Конечно, автор должен, по моему убеждению, отличнейше знать то, о чем пишет, до мелких деталей. Однако же сила художественности такова, что читатели всей своей, так сказать, тысячеголовой массой переступают через авторские вольности, даже через существенные, казалось бы, ошибки, не видя и не чувствуя их.
Желание Г. С. писать по-настоящему вынудило меня потратить куда больше времени и чувства, чем можно было бы.

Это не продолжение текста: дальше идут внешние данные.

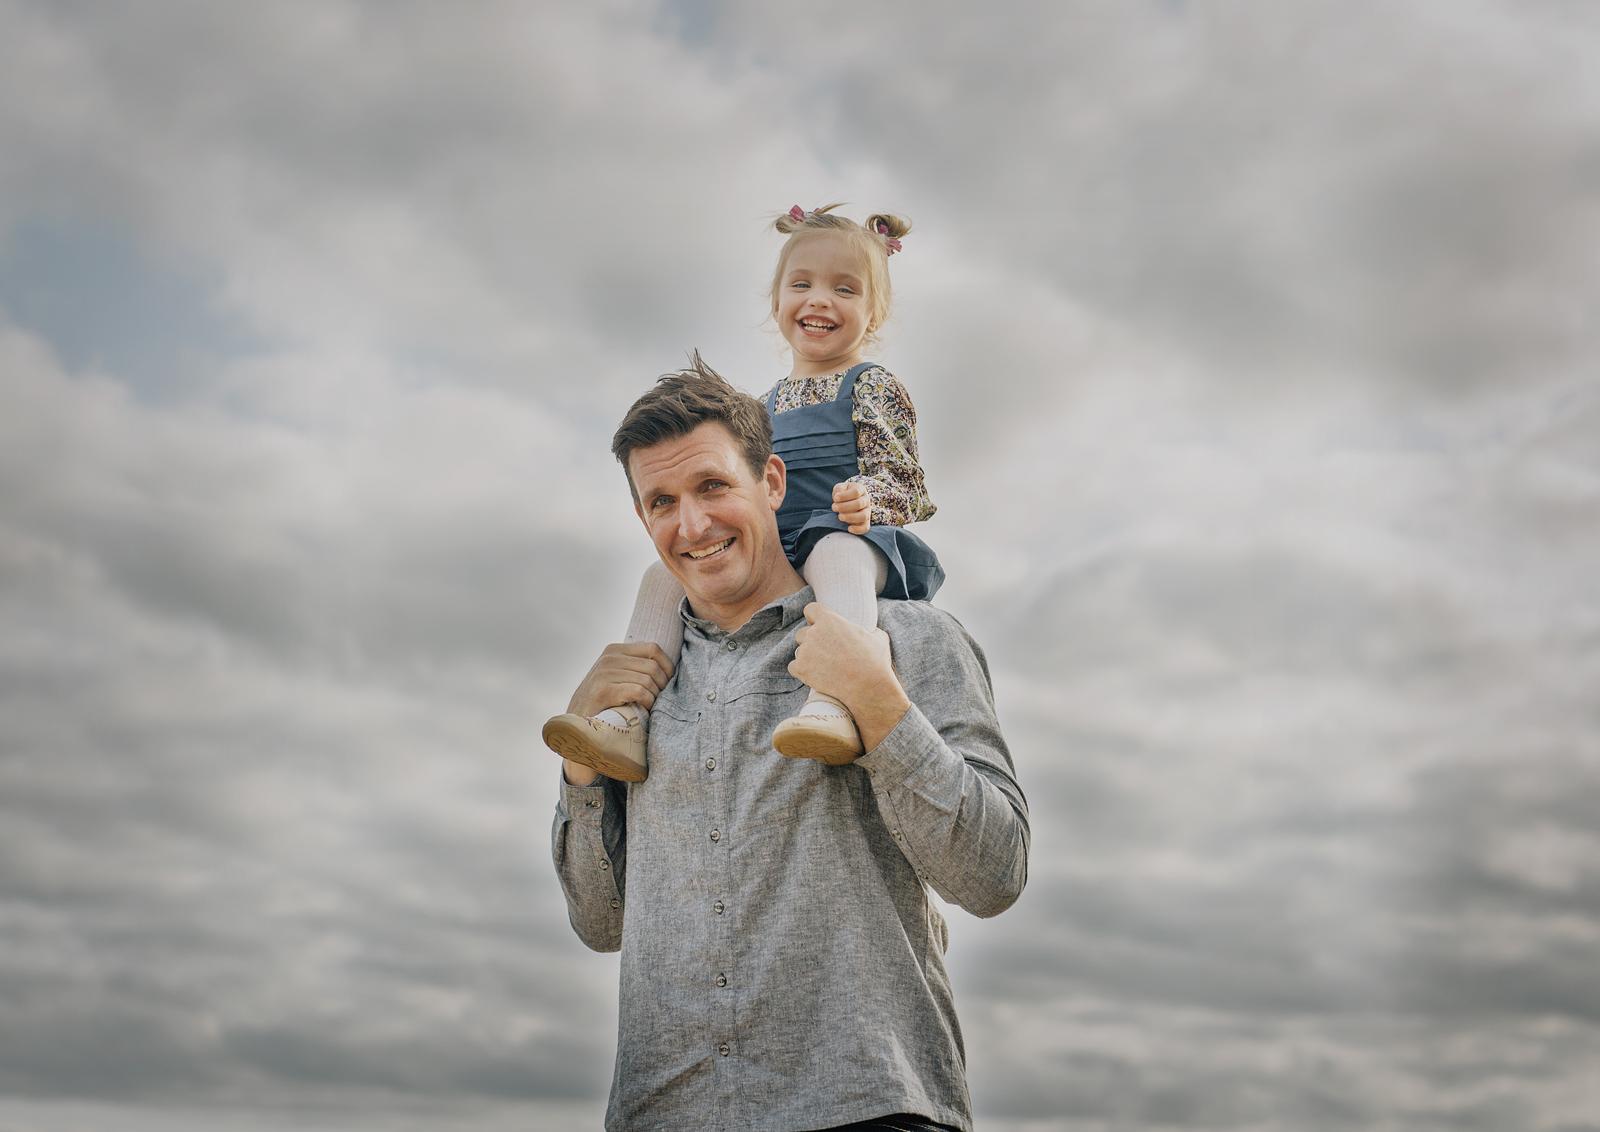 Toddler on her Dad's shoulders

Я не совсем уверен, что есть правила, подобные, например, классическому единству места, времени, действия. Правила идут вослед искусству и суть выводы из него. Создав правила, эпигоны оказываются сначала имитаторами, потом ремесленниками и, наконец, могильщиками. Такова, вероятно, диалектика искусства, и трудно современникам уловить время, когда утверждение превращается в отрицание.
Я не учитель, не поучатель. И все же мне кажется, что есть одно бесспорное правило для всех решительно, вернее, есть условие — писатель должен любить всех своих героев. Для писателя все действующие лица суть люди, с их человеческими правами. Я разумею особенную, чисто писательскую любовь внимания и понимания человека. По-моему, только с ее помощью вероятна подлинная писательская удача, когда слова автора сотворяют кусок жизни увлекающий читателя.
Я знавал врача, человека недоброго, крайне брезгливого. Он не скрывал своей неприязни к людям вообще и был неприятен в общении. Но больными он не брезговал. Он относился к лечению со страстью, вкладывал себя целиком, его интересовал каждый больной, и он был совершенно нелицеприятен. А говорил о себе: лечу всяких прохвостов.
Конечно, писатель не может не быть тенденциозным, однако всем нам надо помнить о том немце из старого анекдота, который, рассказывая нечто, по его мнению, смешное, прерывал себя замечаниями: а вот тут нужно смеяться.
По мне, писатель должен любить особой писательской любовью всех и все, чего касается его перо. Читатель сам разберется, ибо художественность изображения вне его читательской воли и даже вопреки предупреждениям, заставить его полюбить одних и отринуть, проклясть других куда вернее, чем указующий перст писателя.
Хотел бы надеяться, что Г. С. не обидится и подумает о сказанном мною только как о благожелательных советах.
*
Для литературы нет мелких тем. Ростан писал: «Смерть насекомого уже полна трагедий».
В традициях нашей литературы всегда стояло стремленье изобразить человека в обычных, простых, условиях жизни, которые, будучи раскрыты художником, наливаются смыслом, наполняются высоким общечеловеческим значеньем, как — прошу извинить пышность — река в половодье.
Однако замысел замыслом, цель целью, но в искусстве, как и в действительности, или еще больше, чем в действительности, все зависит от исполнения. Здесь повесть С. М. принесла мне одни огорчения. Слова есть, образа нет. Получается сухо, заданно, многословно и — скучно.
Испытываешь досаду. Перед тобой будто бы рисунок ребенка, изобразившего ночь — все заштриховано, и лишь кое-где под штрихами что-то проступает, недосмотренное юным рисовальщиком.
Мысль автора совершенно ясна в повести, правильна. Никто не восстает против благонамеренных героев. Но многие авторы — С. М. не одинока — не хотят отдать себе отчета в том, что литературное, художественное выражение столь же нужно авторским мыслям и намерениям, как одежда — человеку, собравшемуся пройтись по улице.
Молодой человек, говорящий девушке: «Я так тебя люблю, так люблю, не могу сказать…» уже сказал больше, чем стал бы растолковывать подробности своего состояния.
Многословье и отсутствие слова, неуменье сказать и, боюсь, непонимание значенья языка — вот беда автора.
«Образ» и происходящий из этого корня термин «изображение» — на них стоит литература. Живописец пишет красками, недавно самодельными, ныне фабричными, литератор тоже пишет, но словами сотворенного народом языка. И для обоих равно нет рецептов творчества.